What’s a typical day look like for you?
CB: A typical day for me primarily is working to sell franchises for Dunkin’ Donuts and Baskin-Robbins in the nontraditional space. Those include airports, casinos, higher education, colleges and universities, hospitals, hotels, mass merchandise stores, mass transit stations, military, museums, arenas, stadiums, supermarkets, theme parks and truck stops.
What are Dunkin’s nontraditional goals?
CB: We want to place our brands where our customers work, play, learn and make memories, and those tend to be nontraditional locations.
We have more than 800 nontraditional locations currently, and the pipeline is very strong. Airports are one of our strongest segments; mass merchandise is also one of our strongest segments. Lodging is starting to grow more, and we’re also seeing good growth in the hospital/medical area.
As a pure franchise organization, our first priority is to try to find a space where we can utilize our local franchisee. For example, we have a master development agreement with Walmart stores, and in those cases, we control the space and we put our local franchisee in the space. That’s always our preference, whether it’s Walmart or a supermarket or a college campus. There are instances where that might not be possible. There may be a college campus that has an exclusive foodservice arrangement with a company like Aramark. In those cases, it may not be possible to sublease a space to our local franchisee, so the commercial foodservice companies become our franchisees.
And there are also what we call self-operated opportunities. We do business with a large number of the travel center companies, like Pilot and Flying J, and in those cases, they’re not really a commercial foodservice company, but they self-operate the Dunkin’ Donuts in their facility. In those cases, the travel center company becomes our franchisee.
What steps do you take to assess proposed locations?

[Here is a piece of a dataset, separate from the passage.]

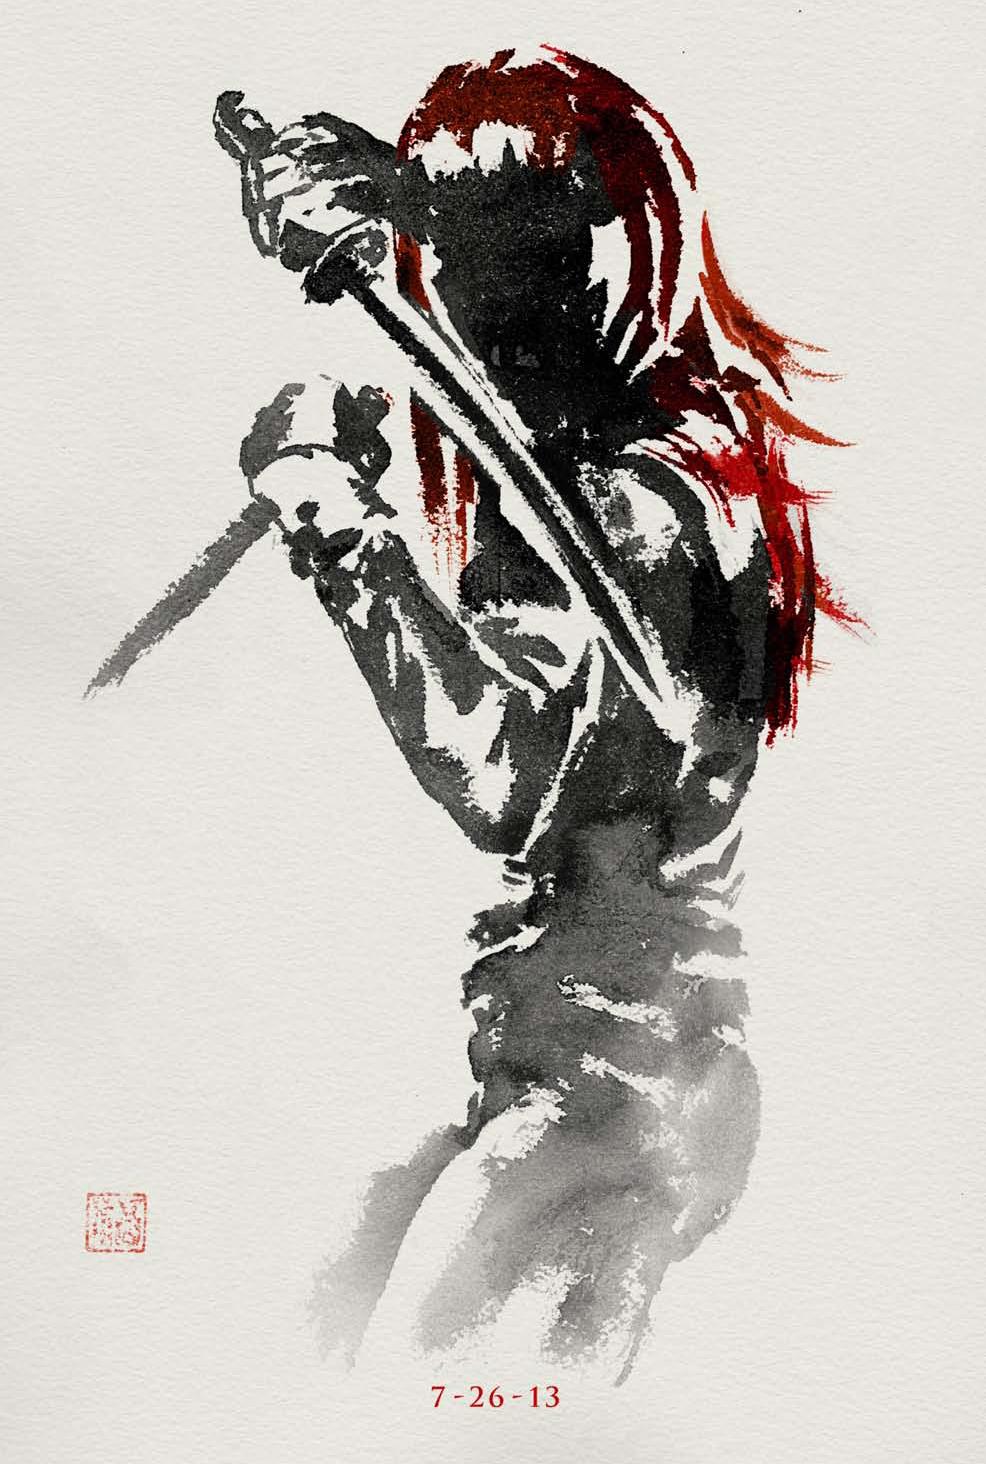 21052013_the-wolverine-poster-yukio
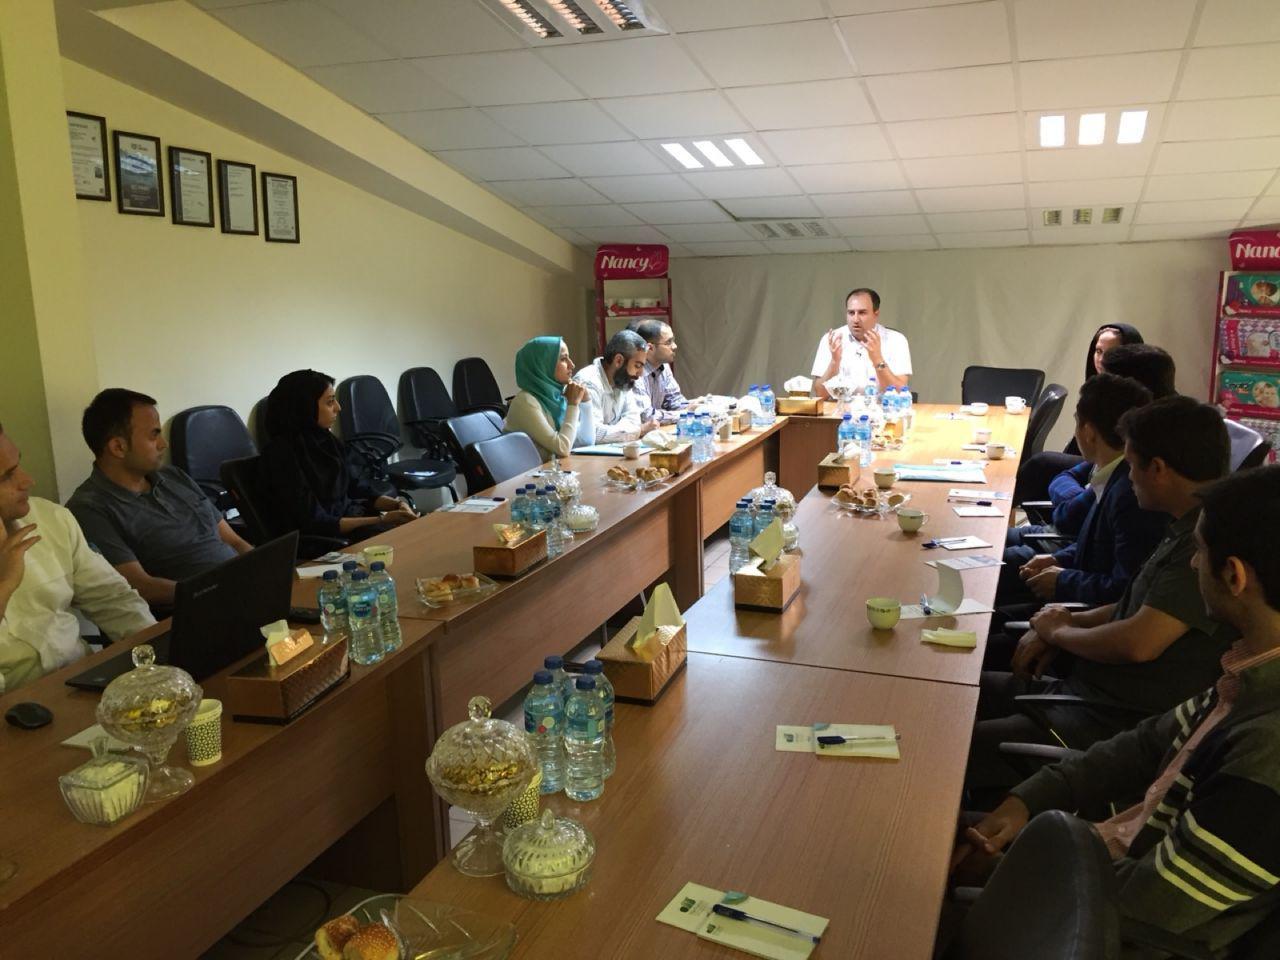 بازدید دانشجویان نخبه دانشگاه تهران از یک کارخانه گروه صنعتی گلرنگ

CB: We look at different things depending on the venue. In airports, we look for passenger counts, and in hotels, we look at average number of rooms and number of rooms per guest. At colleges and universities, we look at enrollment and employee numbers. In hospitals, we look at beds and outpatient numbers. One of the things that’s great about Dunkin’ is that we can scale the concept from self-serve coffee in a linear fashion with a self-serve bakery case to a cart to a kiosk to an in-line space to a full endcap at a travel center with a drive-thru. We have a broad portfolio of concepts, and we can scale the menu to the venue.
If somebody comes to me and says, “I’ve got 350 square feet over here,” I know exactly what I can get in that space just by flipping through the portfolio of concepts we have. And that makes us very usable compared to some concepts that don’t have the ability to flex. We always prefer to offer our full menu if we can, and if we can’t, then we analyze if we want to be in the venue with a Dunkin’ Donuts Express concept. And then we ask if it’s the right thing to do for the life cycle of the brand in that area.
If it’s the first Dunkin’ in a major region, we might not go with a limited menu. For example, as we entered California, we brought full menu restaurants for street level, but then as the brand gets more established in a market and the customer knows exactly what they can expect from Dunkin’, we can then be flexible about what we bring.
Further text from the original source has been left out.